Flat roads, slow lanes
The municipal poniente keeps the terrain table-top level: ideal for cycling, hopeless for hill views. A signed agricultural loop, the Ruta de les Tarongeres, heads south for 12 km through groves and irrigation ditches. Hire a bike from Bici Nules on Avenida Valencia (€15 a day; they lend a map drawn by the owner’s twelve-year-old). The tarmac is smooth, traffic almost zero; you’ll share the lane with the occasional tractor hauling crates at 15 mph. Pack water—cafés disappear after the village of San José—and remember the rule: if the gate to a track is open, you may enter; if closed, it’s private. Early evening light turns the fruit to glowing lanterns and the azahar scent intensifies, a photographer’s bonus that costs nothing.
What arrives on the plate
British visitors expecting a “paella experience” are politely steered towards lunchtime. Restaurants open 13:00–15:30; after that you are on sandwiches. In the old town, Casa Salvador has been dishing out rice since 1947. Their version of paella de Nules contains cuttlefish, green beans and a handful of cauliflower florets—mild, child-friendly, dyed gold by home-grown saffron. A two-person pan costs €28 and needs twenty minutes; they will not start until both diners are seated, so don’t order, then wander off to photograph oranges. Vegetarians do better at Bar Lalín on Calle La Pau: try borra—chick-pea and spinach fritters, crisp outside, almost houmous within—served with a drizzle of local honey. Beer is invariably Estrella; no hand-pump ale, but a caña is still €1.60 and arrives with a dish of olives brined so recently they squeak.
Timing and transport
Spring is the sweet spot: blossom from late March, balmy days, zero risk of the gota fría storms that can strip a beach overnight. Autumn works too—harvest colour and sea warm enough for a quick splash. Summer is hot (32 °C is normal) but coastal humidity is lower than Benidorm; the bigger issue is that half the inland bars close so owners can decamp to their own beach apartments. Winter is mild—14 °C at midday—though the tramuntana wind can whistle across the flats for a week solid.

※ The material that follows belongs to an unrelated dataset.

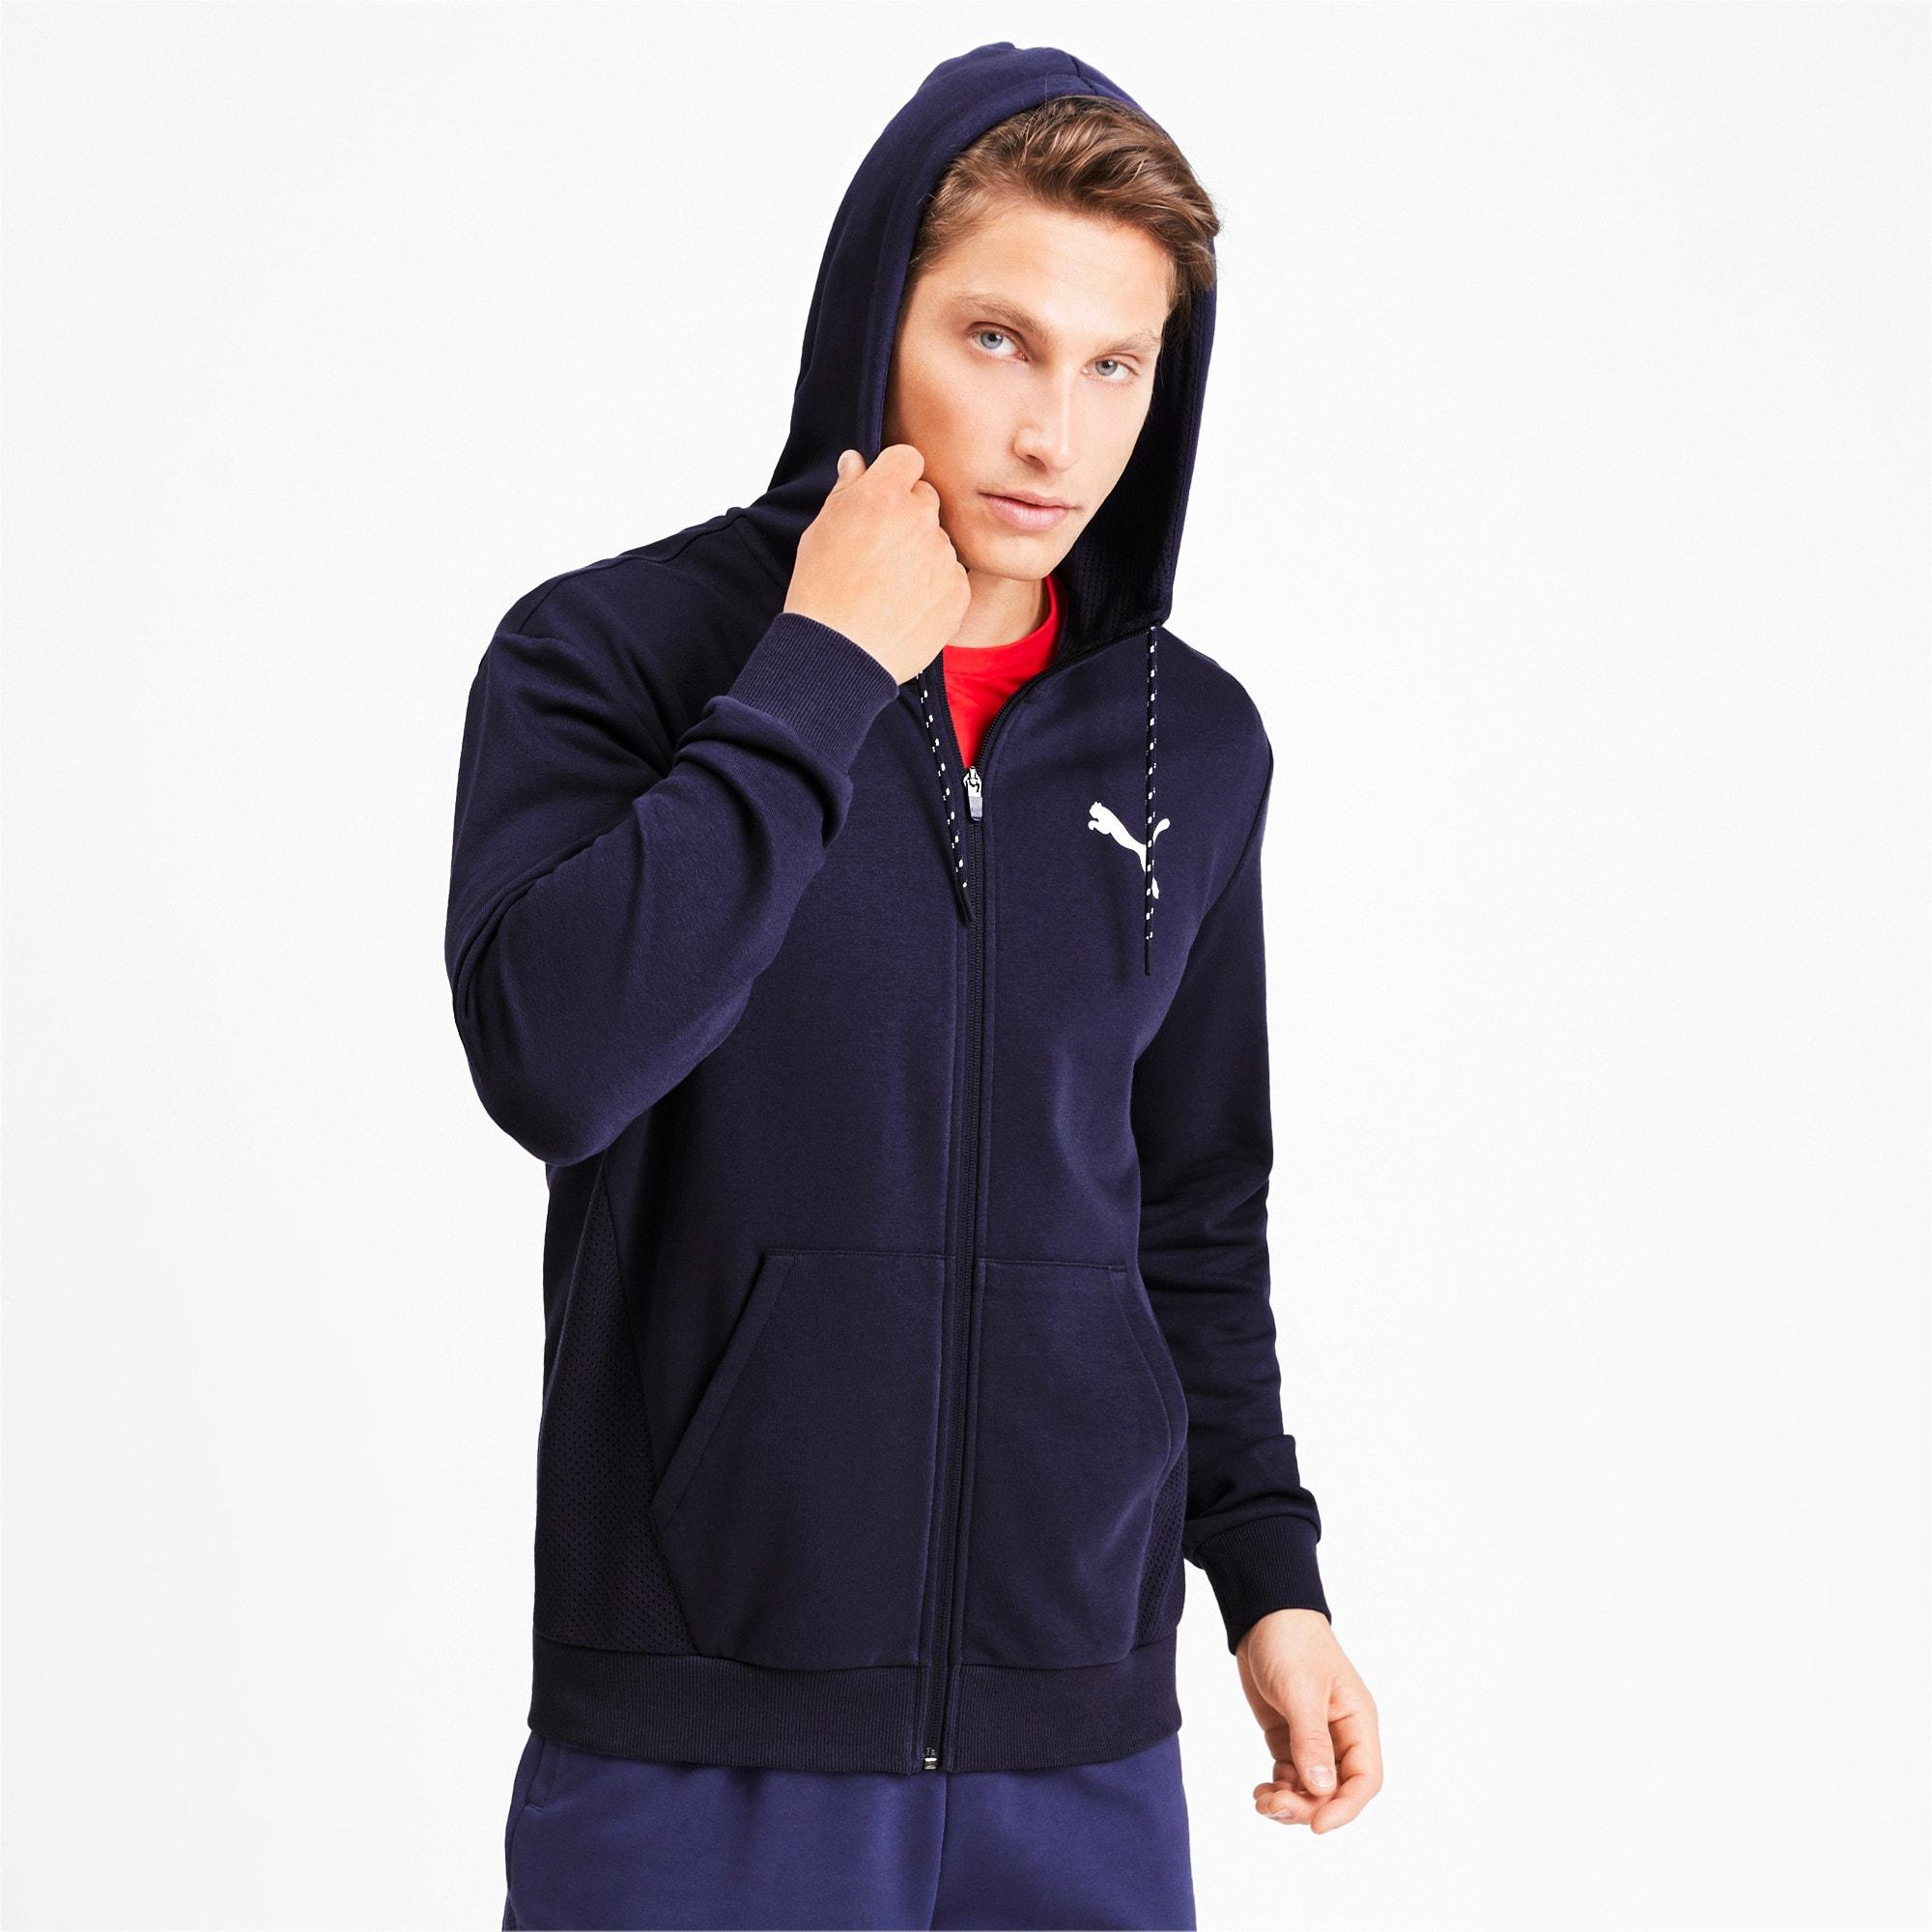 Miniatura 1 de Sudadera Modern Sports con capucha y cierre completo para hombre, Peacoat, mediano

Valencia airport is 55 minutes by hire car on the AP-7 (toll €7.35 each way). There is no direct public transfer; if you insist on trains, take the metro to Valencia-Nord, then the C-5 Cercanías towards Castellón—two trains a day stop at Nules, journey time 1 h 10 m. A taxi from the adjacent town of La Vall d’Uixó costs €12 if you miss the connection. Without wheels you will need patience: buses to the beach run twice daily, timed for school runs, not sunbathers.
The quiet caveat
Come looking for nightlife and you will be asleep by 22:00. The seafront ice-cream kiosk shuts at sunset, and the loudest sound after 23:00 is usually the refrigerated lorries heading for the MercaMadrid depot. Nules offers a glimpse of coastal Spain before tourism, not a resort reinvented for it. Bring a Spanish phrasebook—English menus simply do not exist—and carry cash. Many bars treat cards as a nuisance under €10; the nearest ATM is in the Plaza Mayor and it runs dry on market Thursday.
If that sounds like a hardship, pick Benicàssim up the road. If it sounds like breathing space, time your visit for a weekday in late April, when the blossom is still on the trees, the beach is empty, and the only decision is whether your orange tastes better straight from the crate or squeezed over a plate of cuttlefish rice.